The nominee is the mother***ker who stole the backpack and the wedding ring from one of the dead guys. The light rail station surveillance video clearly shows the guy with the stolen backpack.

That's messed up.  A decent nominee, but he has serious competition this year.

41
All Grain Brewing / Re: Understanding Diastatic power
« on: May 25, 2017, 03:44:44 PM »
The only reason I don't want to jump straight to oxidation is that I feel like a bit of oxidation hasn't negatively affected my dark beers, especially ones based on Munich malt.

It could be a combination of recipe (too much crystal) and oxidation.

42
All Grain Brewing / Re: Understanding Diastatic power
« on: May 25, 2017, 03:39:01 PM »
Caramel flavor is signature oxidation.  Munich is doughy, soft pretzel or outside of a soft pretzel.

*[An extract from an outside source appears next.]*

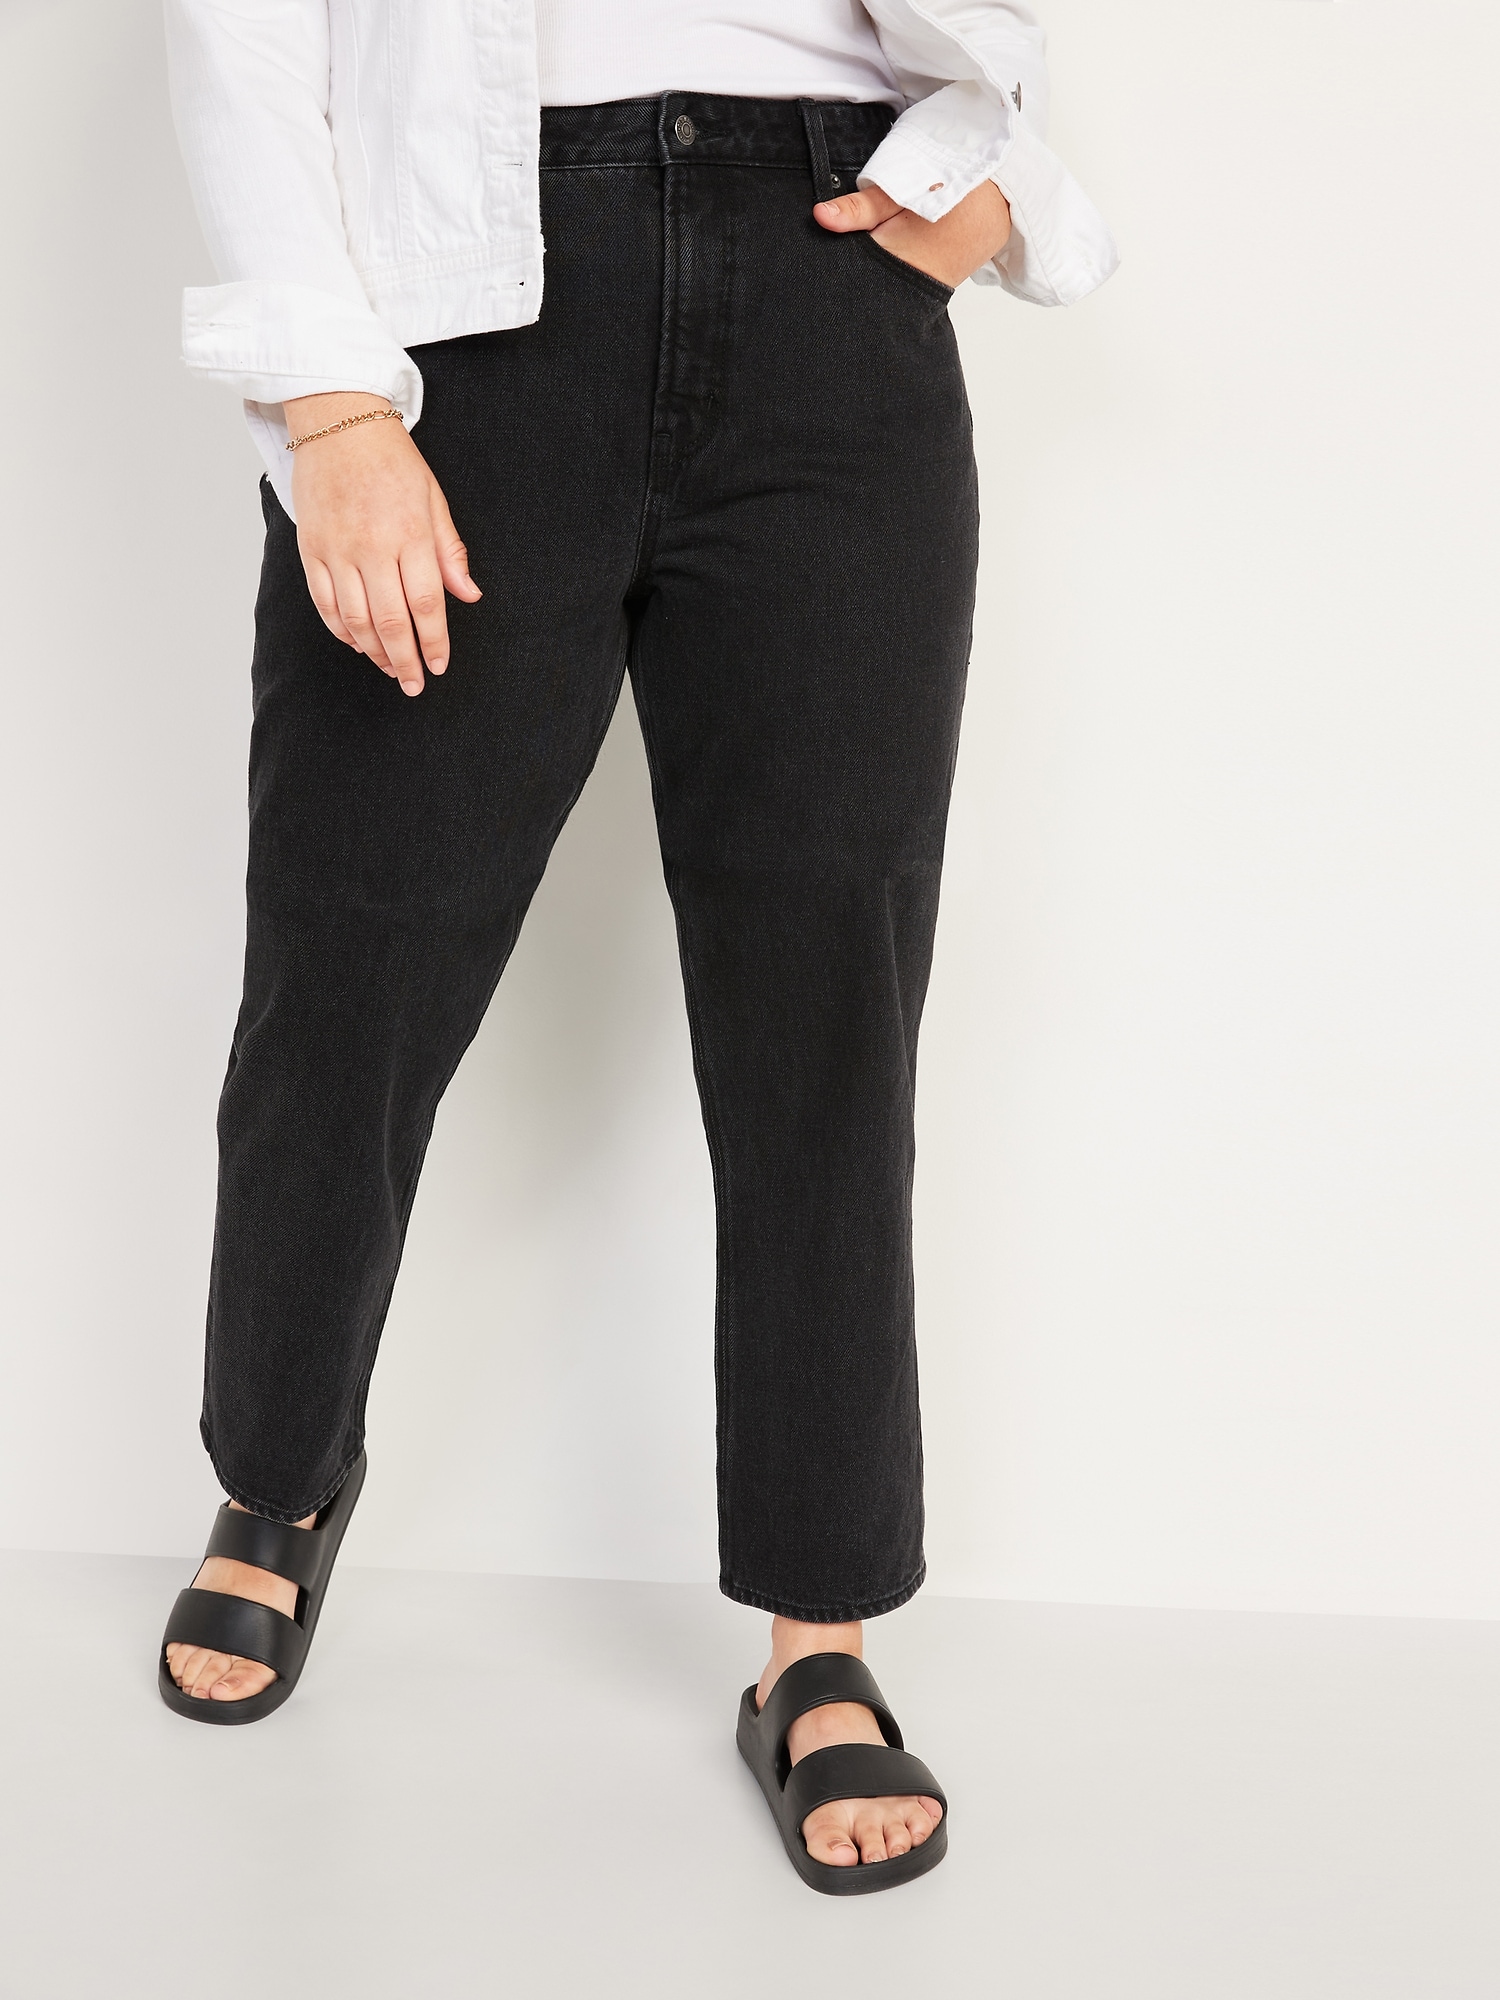 High-Waisted Slouchy Straight Cropped Black Jeans for Women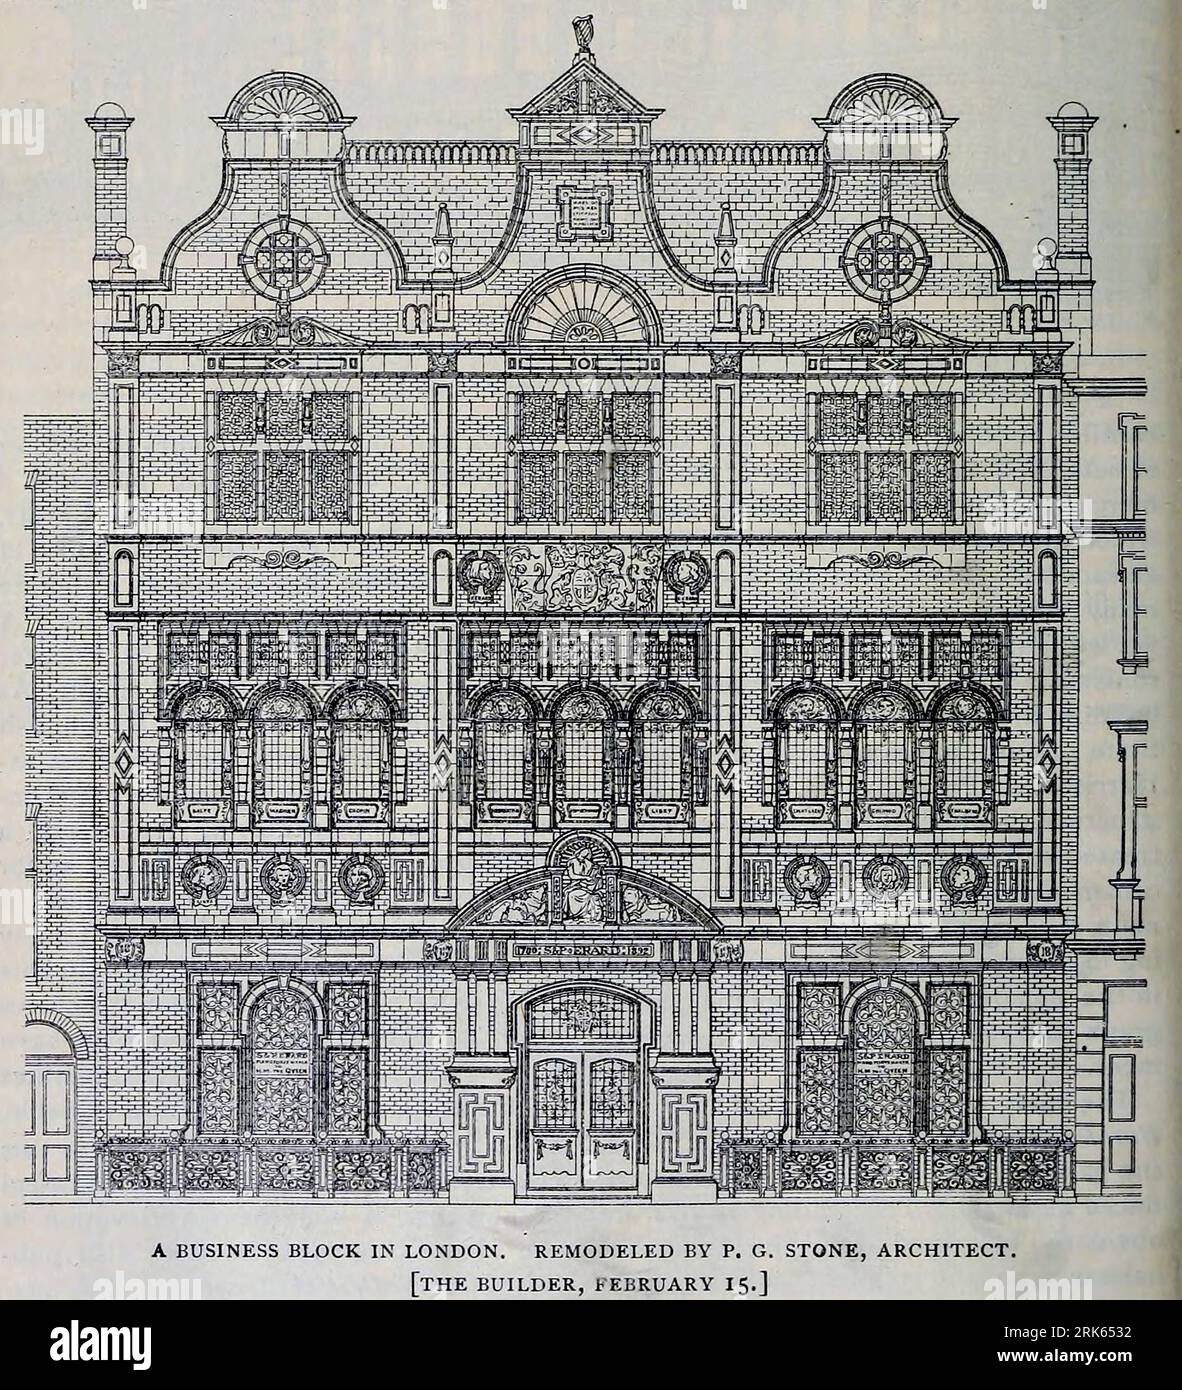 A BUSINESS BLOCK IN LONDON. REMODELED BY P. G. STONE, ARCHITECT. from the Article Architectural Review from The Engineering Magazine DEVOTED TO INDUSTRIAL PROGRESS Volume XI October 1896 NEW YORK The Engineering Magazine Co Stock Photo

Sent from my iPhone using Tapatalk

It could be this. It could be under-attenuation of converted sugars due to yeast health.  It could be something else.  But I'd guess that it has nothing to do with DP.  Unconverted starches are not going to be caramel sweet.

43
Kegging and Bottling / Re: Bottle Spunding Trappist Ales
« on: May 25, 2017, 03:36:31 PM »
I didn't read the whole thread (apologies) but I think that the centrifuge is key in this application. Bottling without any fining is going to leave a lot of yeast, and other things (ppolyphenols?) in the bottle.  Spunding will only increase the amount of sediment.

With time in the fridge, this isn't a problem, but I don't know that you're gaining much benefit over typical priming that already scavenges oxygen for transfer.

44
My parents had some Seagrams that was still from Canada (early 80s vintage) in their liquor cabinet a few years ago.  Interesting tasting... the Old Granddad was better, though.  :)

45
The Pub / Re: Wicked Weed purchased by AB
« on: May 12, 2017, 05:47:57 PM »
They won't change anything until growth stops.  At that point, any and all cost cutting measures are on the table, including consolidating facilities.  It has happened time and time again, and is an inevitability, really.